Ей нужен лишь один дорожный чемодан. Ящики с одеждой и вещами, которые Уильям распорядился увезти из дома миссис Кастауэй, так и остались где-то на хранении, а где именно, Уильям не удосужился сказать. Не важно, все равно они ей теперь не нужны. Блядское тряпье, роскошное оперение содержанки. То платье, что на ней, еще одно-два (вот это темно-зеленое, самое любимое) – и больше ничего. Парочка шемизеток, чистые панталончики, чулки, пара обуви – и чемодан уже почти полон.
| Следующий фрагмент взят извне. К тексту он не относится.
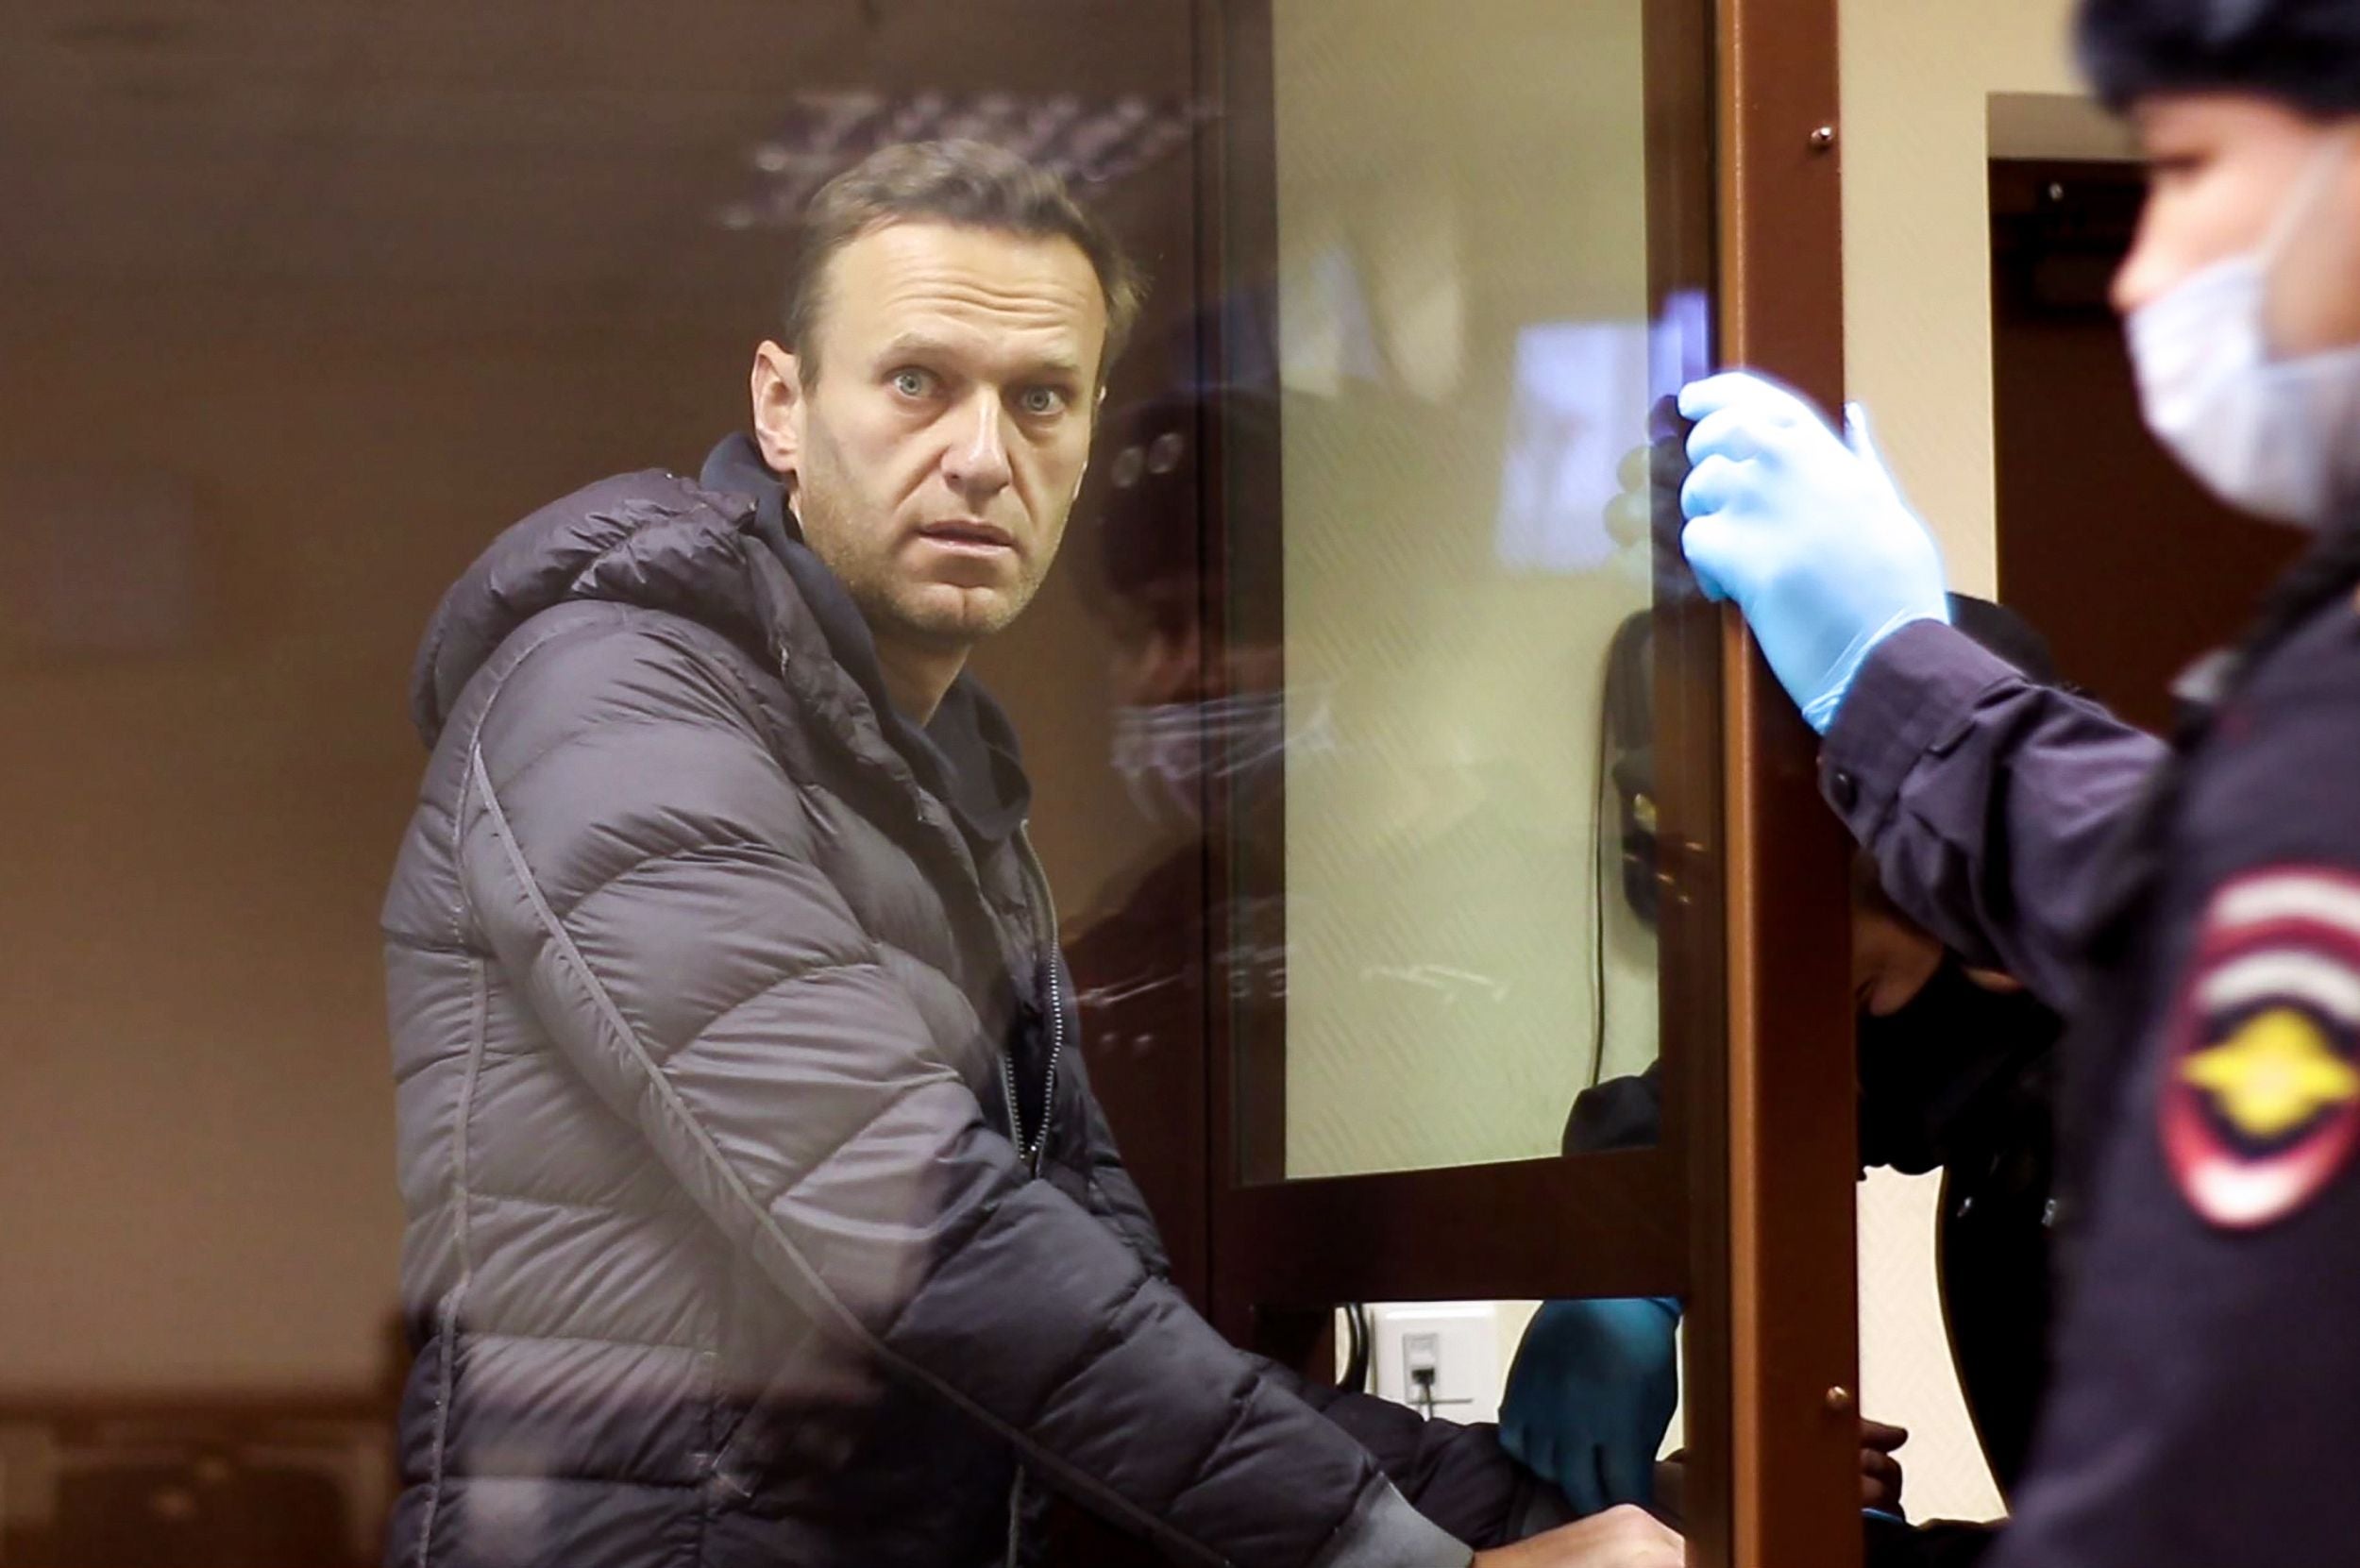 Alexei Navalny in court earlier this week

Свой злополучный роман и дневники Агнес Конфетка запихивает в дорожную сумку из шотландки.

Конфетка одной рукой – здоровой – поднимает чемодан, надевает сумку через плечо той руки, которой должна опираться на трость. Делает несколько шагов, шаркая, как цирковое животное, поднятое кнутом на задние лапы. Она опускает голову, ставит на пол неподъемное бремя и плачет.


– Давайте проведем послеполуденные занятия на воздухе, – предлагает она Софи через некоторое время. – В доме душно, а на воздухе будет хорошо.

Софи вскакивает из-за письменного стола, явно радуясь этому плану. Она поспешно начинает одеваться на выход; образование en plein air – как раз то, что ей больше всего нравится, в особенности если это означает прогулку к фонтану или возможность увидеть уток, грачей, собак, кошек – тварей любой породы, кроме человеческой.

– Я готова, мисс, – объявляет она через секунду.

Она действительно одета; остается только поправить шляпку и бант под подбородком.

– Спускайтесь вниз, моя маленькая, я пойду следом.

Софи уходит, Конфетка остается в классной комнате, собирая все необходимое для занятий и еще кое-какие вещи, которые она кладет в кожаную сумку. Затем она тоже спускается по лестнице, щелкая тростью по перилам.

На дворе ветрено, довольно пасмурно, но не очень холодно. Стального цвета небо насыщено тем светом, в котором и травяной газон, и булыжная мостовая, и железная ограда, и человеческая плоть – все будто окрашено разными оттенками одного цвета.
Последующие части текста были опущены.